## [ABOUT THIS EXERCISE]
Make an exact copy, without pictures, of the lines below from the one containing "ヒットスパン使役Vihir スポーツヘルメット カヌー" to the last line, both ends included.

## [COLLECTED MATERIAL]
____

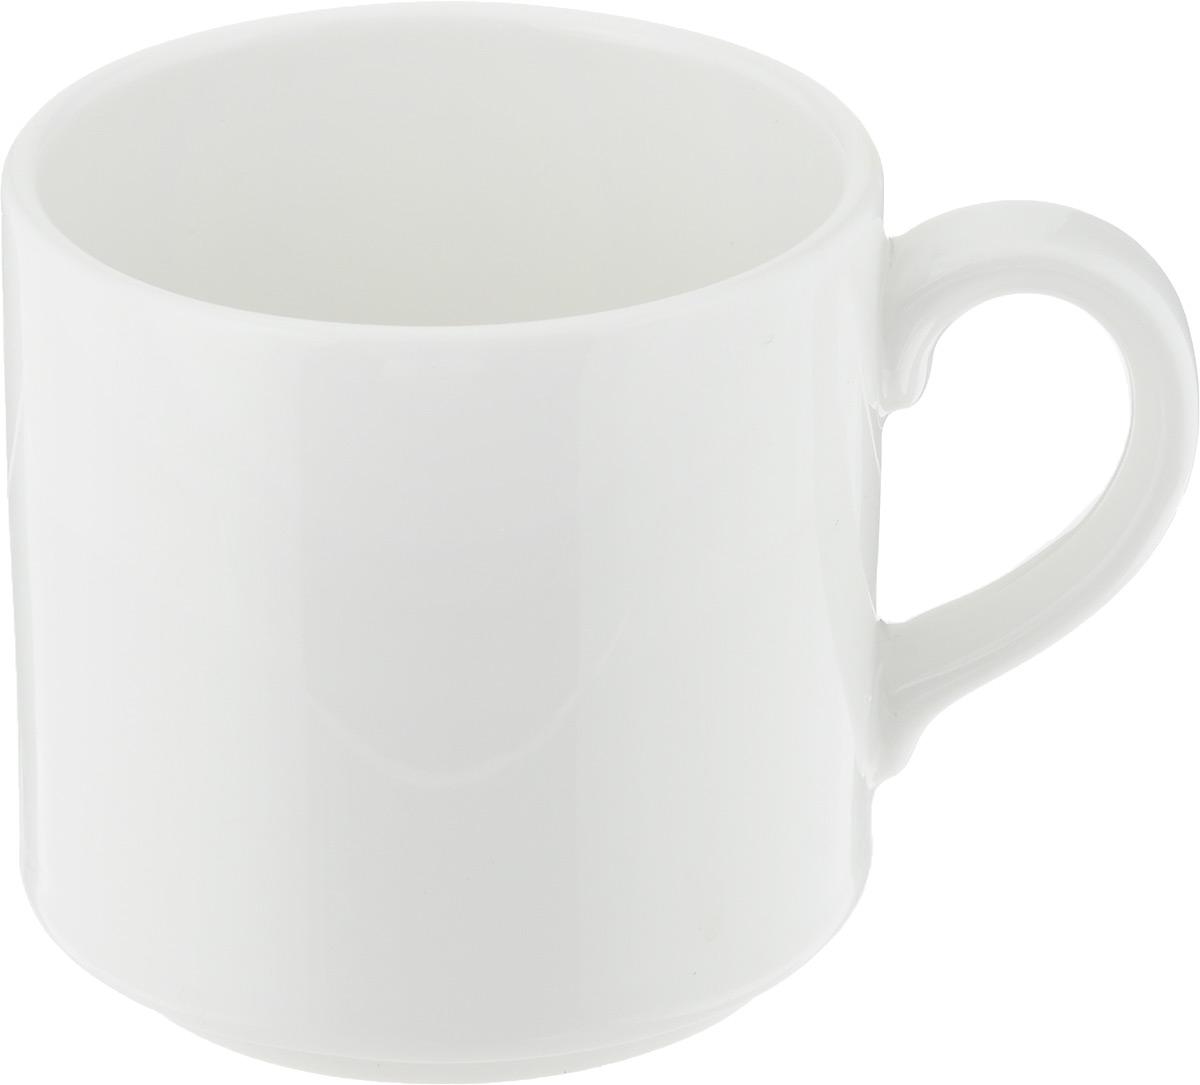 Чашка чайная Ariane Прайм, 200 млAPRARN41020Чашка Ariane Прайм выполнена из высококачественного фарфора с глазурованным покрытием. Изделие оснащено удобной ручкой. Изысканная чашка прекрасно оформит стол к чаепитию и станет его неизменным атрибутом. Можно мыть в посудомоечной машине и использовать в СВЧ. Диаметр чашки (по верхнему краю): 7,5 см. Высота чашки: 7 см.
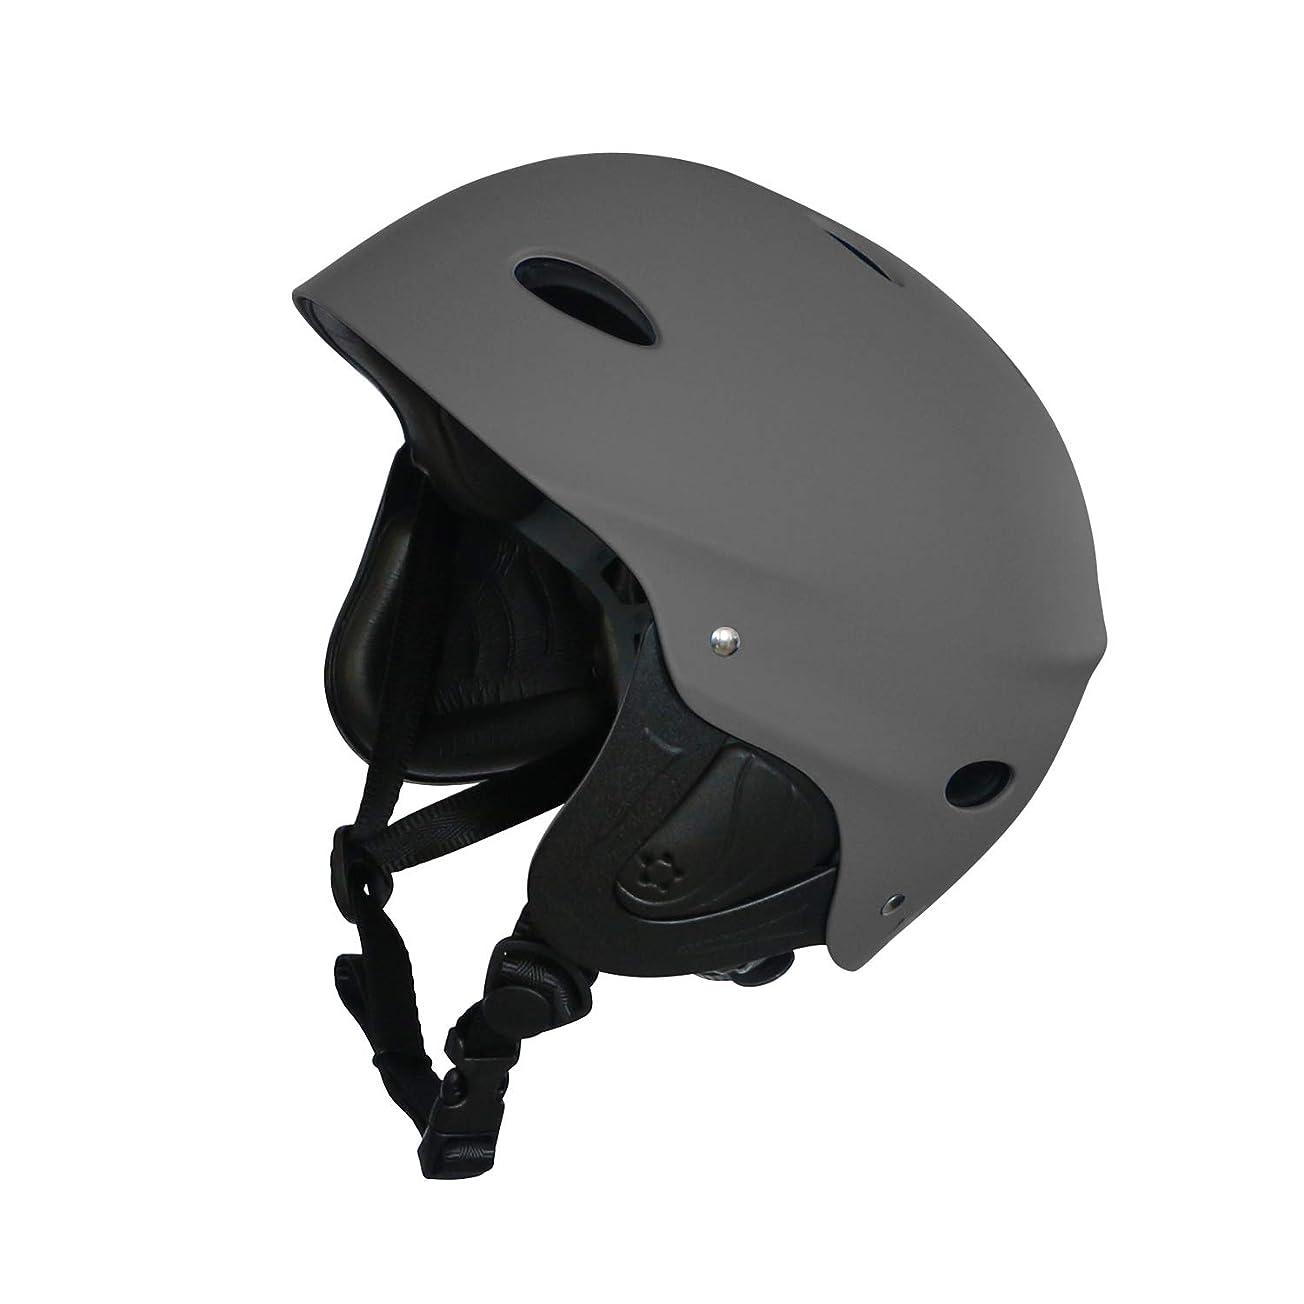 ヒットスパン使役Vihir スポーツヘルメット カヌー カヤック 登山 クライミング ウォータースポーツヘルメット安全保護 耐水仕様 男女兼用
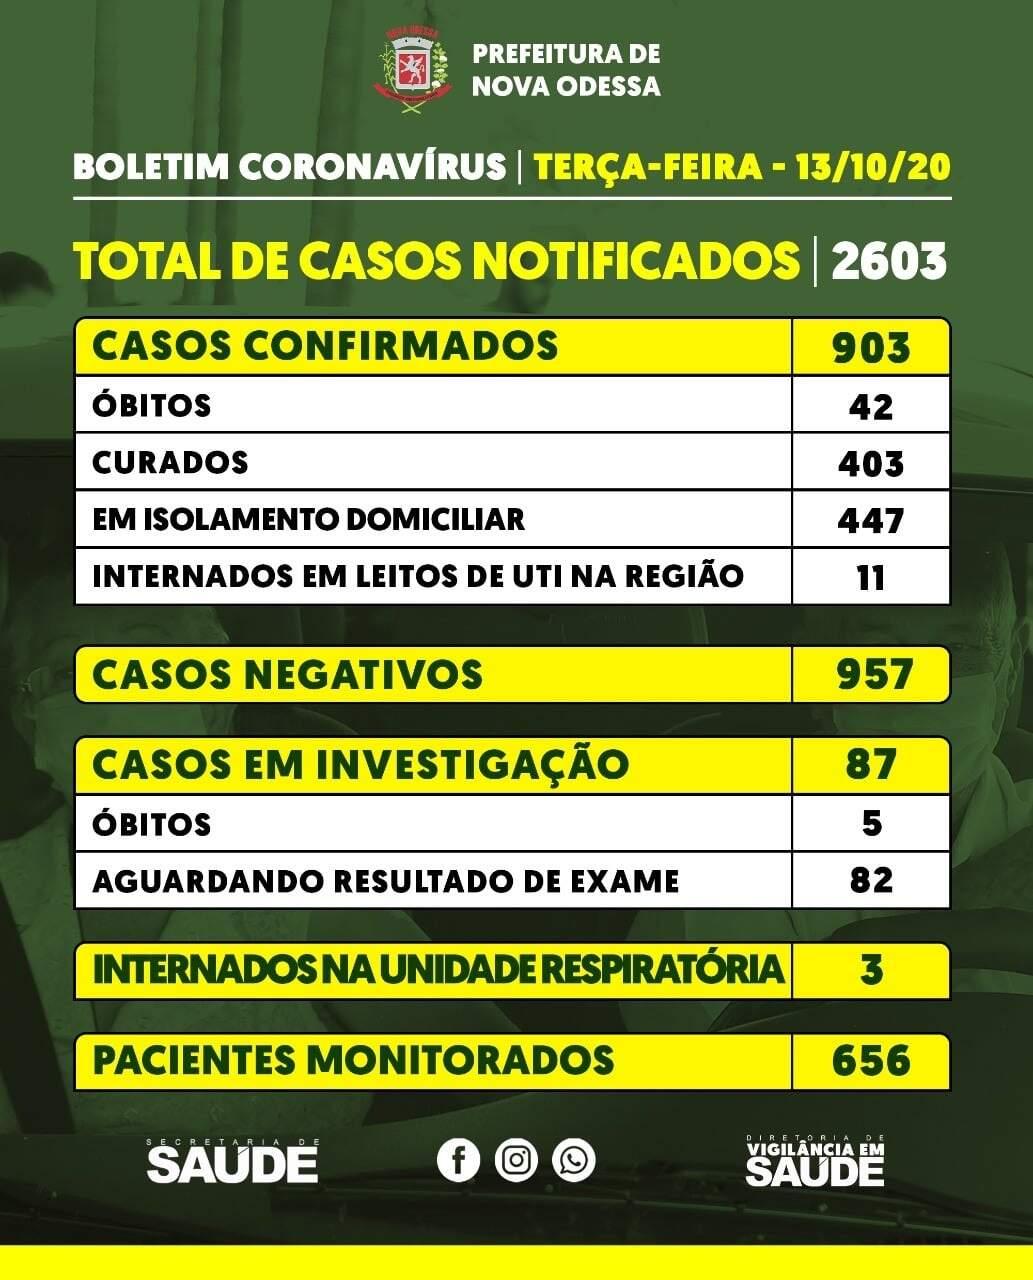 Nova Odessa ultrapassa marca dos 900 infectados pelo novo coronavírus
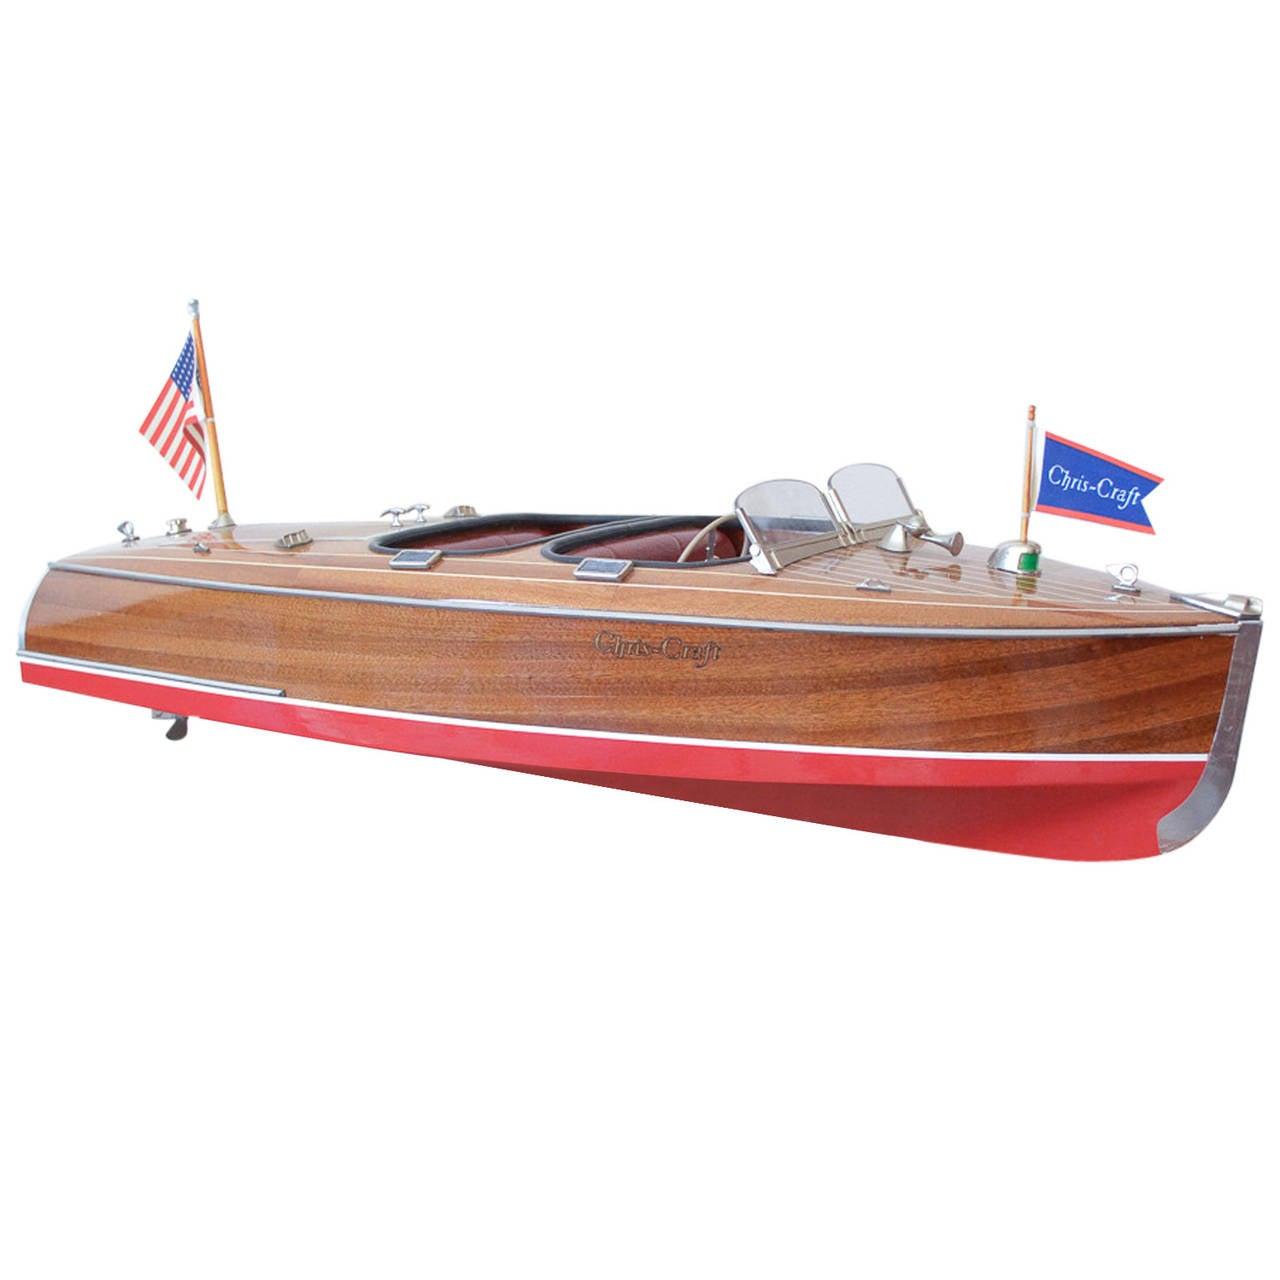 vintage 1950s chris craft model boat at 1stdibs On vintage chris craft models

____

## [RESPONSE AREA]
 ヒットスパン使役Vihir スポーツヘルメット カヌー カヤック 登山 クライミング ウォータースポーツヘルメット安全保護 耐水仕様 男女兼用
 Nova Odessa ultrapassa marca dos 900 infectados pelo novo coronavírus
 vintage 1950s chris craft model boat at 1stdibs On vintage chris craft models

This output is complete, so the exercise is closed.